_PROBLEM_. In the records below, find the line that contains "Muay Thai Instructor Certification Singapore" and the line that contains "verbinding verbroken Patriottisch"; write out exactly those two lines and everything between them, without the pictures.

_SUPPLIED RECORDS_.
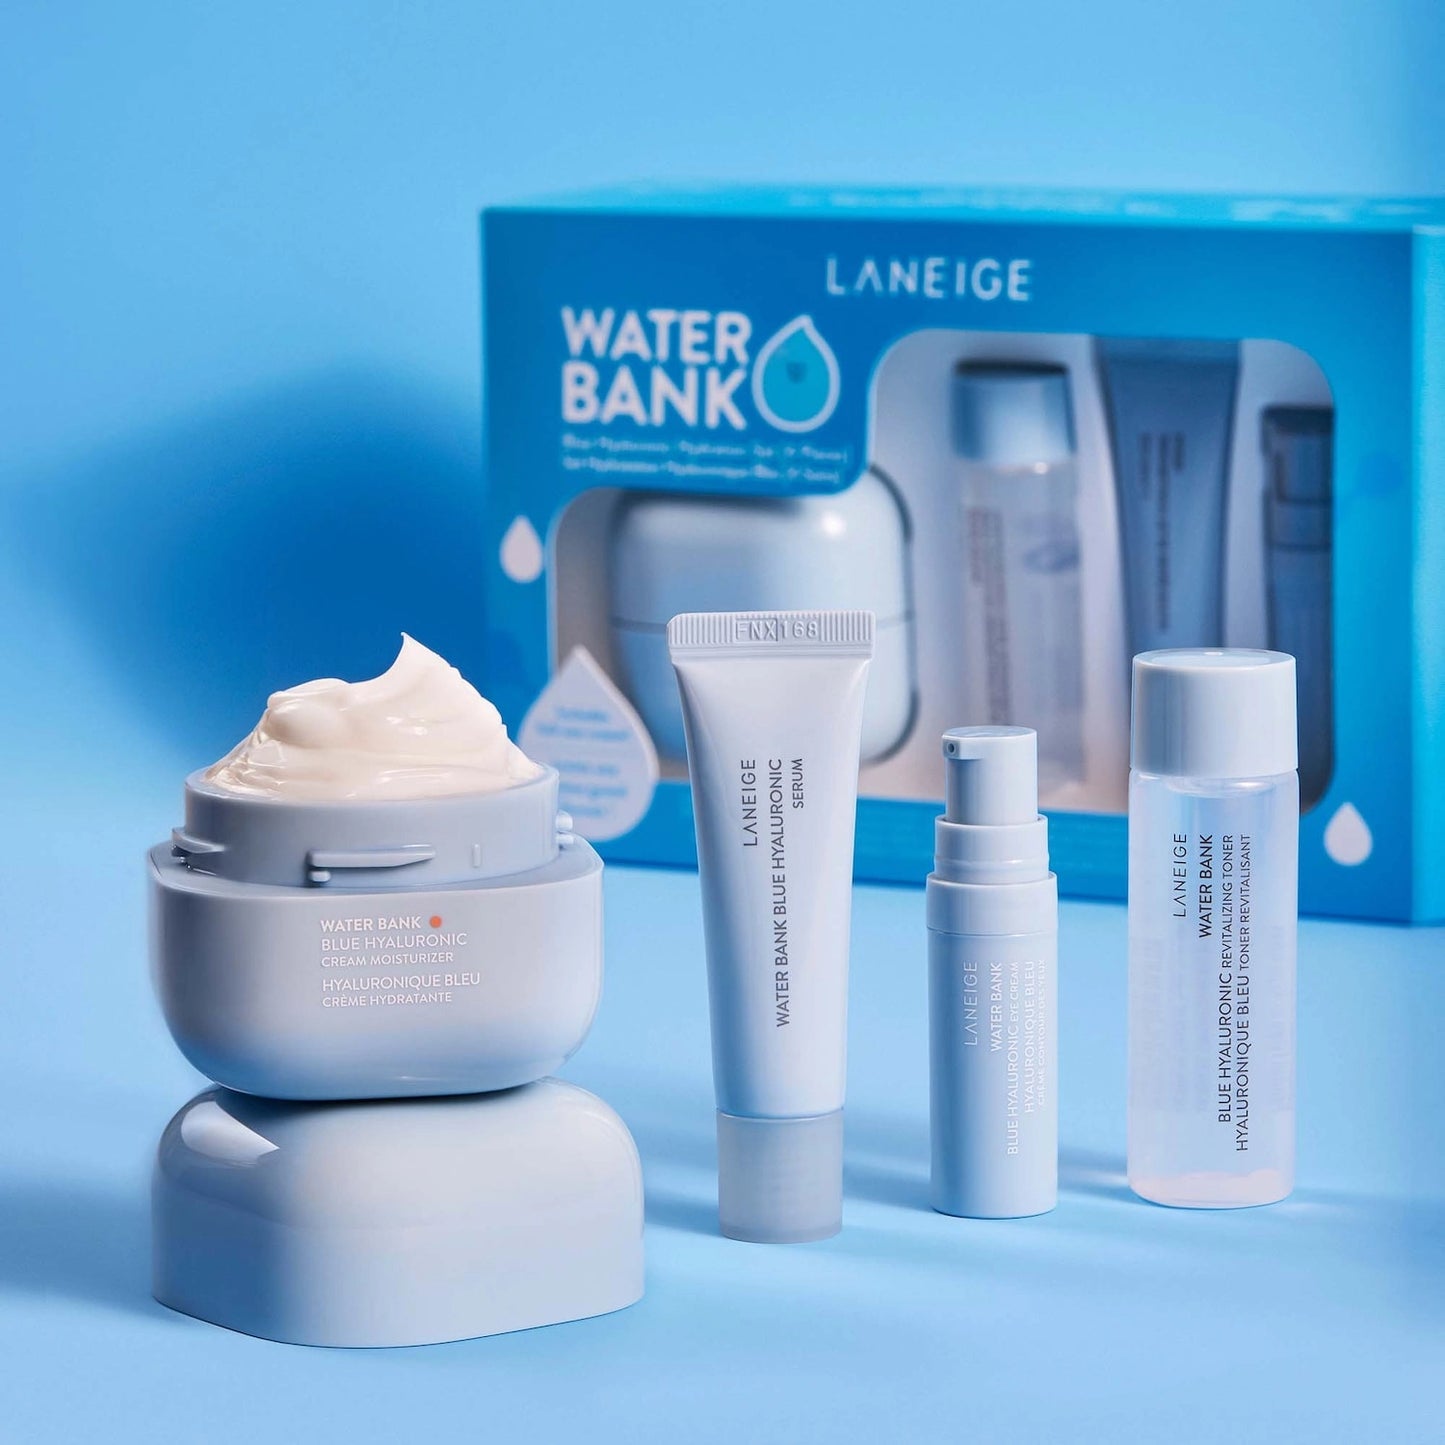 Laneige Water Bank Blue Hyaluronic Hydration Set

* * *

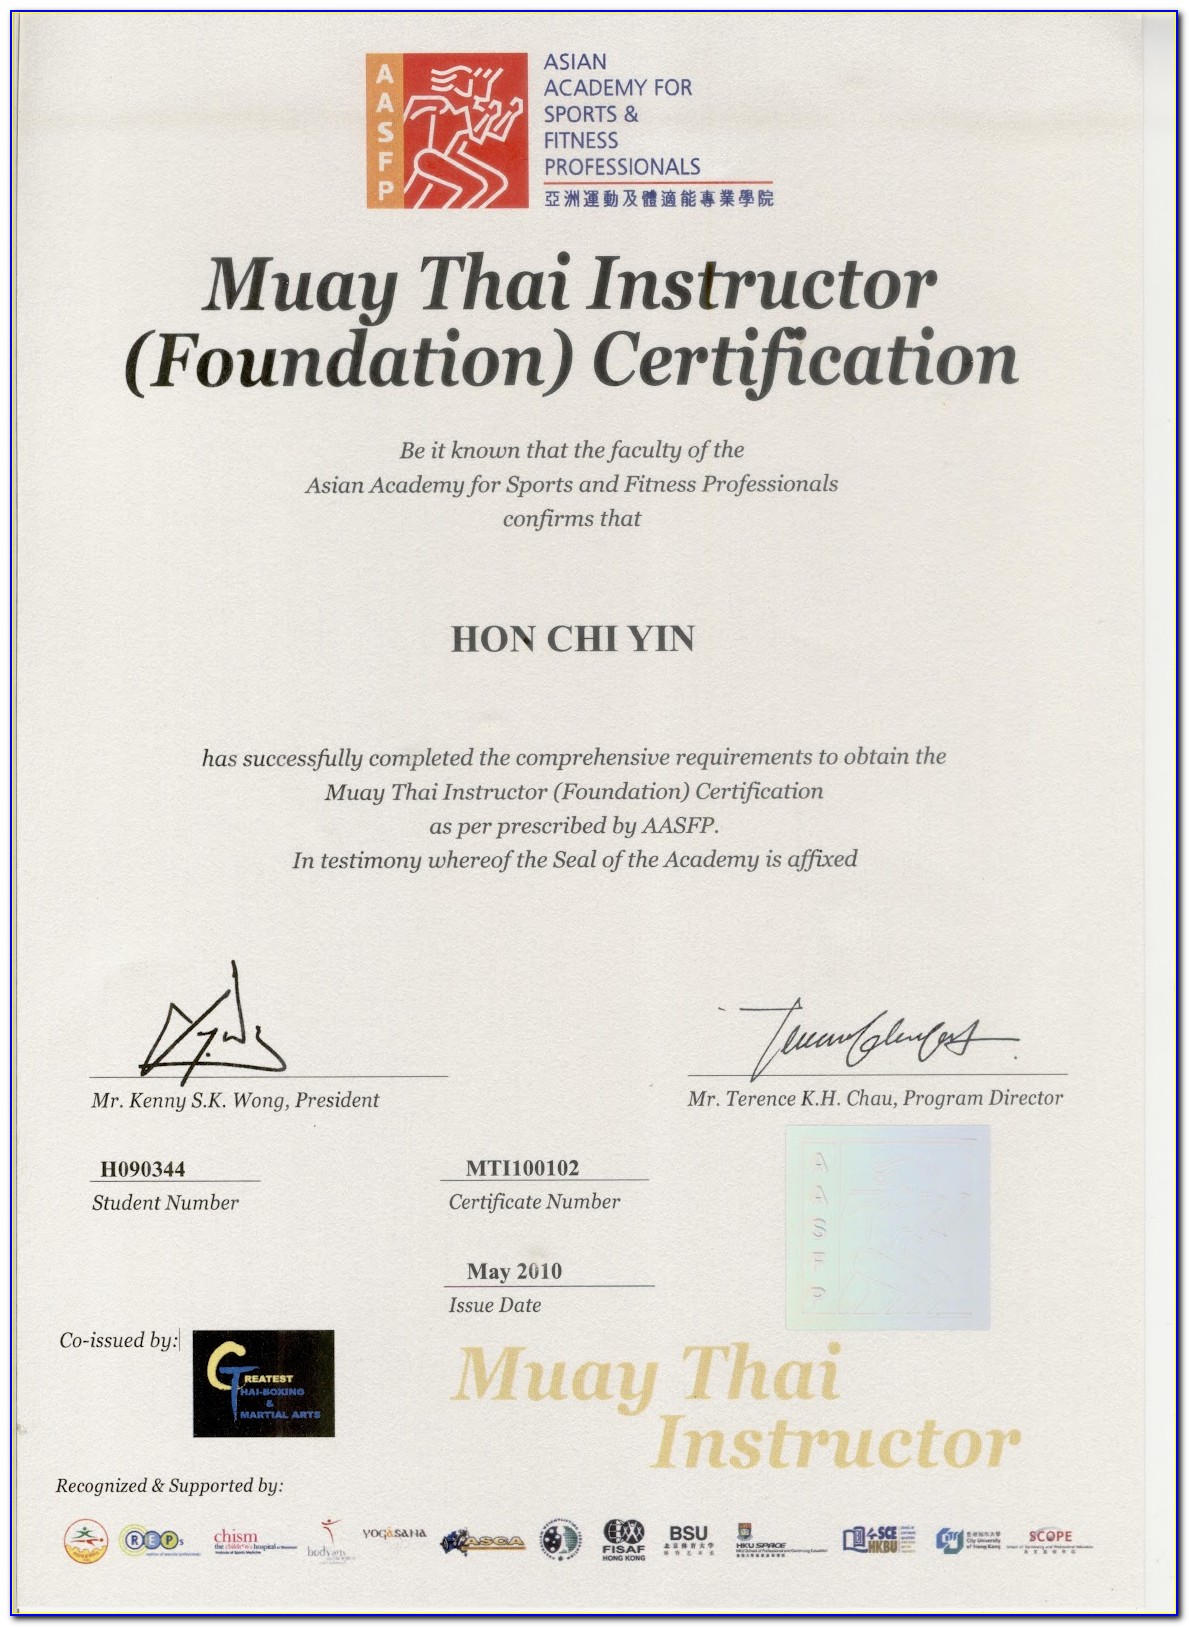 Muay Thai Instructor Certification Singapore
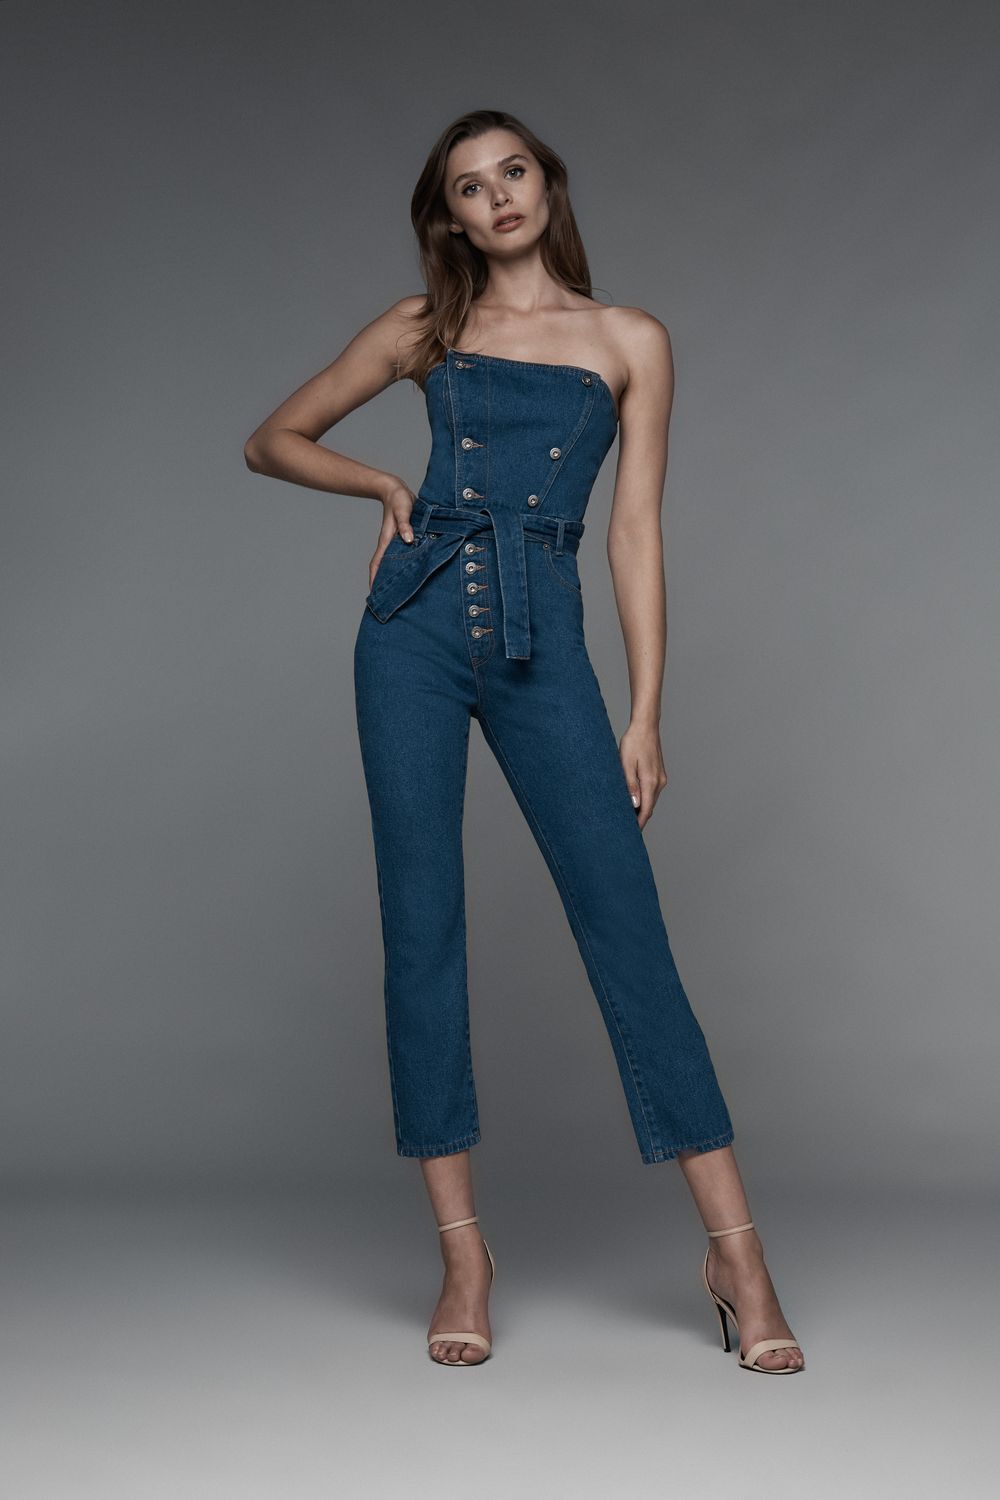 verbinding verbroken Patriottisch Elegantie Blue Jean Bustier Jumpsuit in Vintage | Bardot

_RESPONSE TO THIS EXERCISE_.
 Muay Thai Instructor Certification Singapore
 verbinding verbroken Patriottisch Elegantie Blue Jean Bustier Jumpsuit in Vintage | Bardot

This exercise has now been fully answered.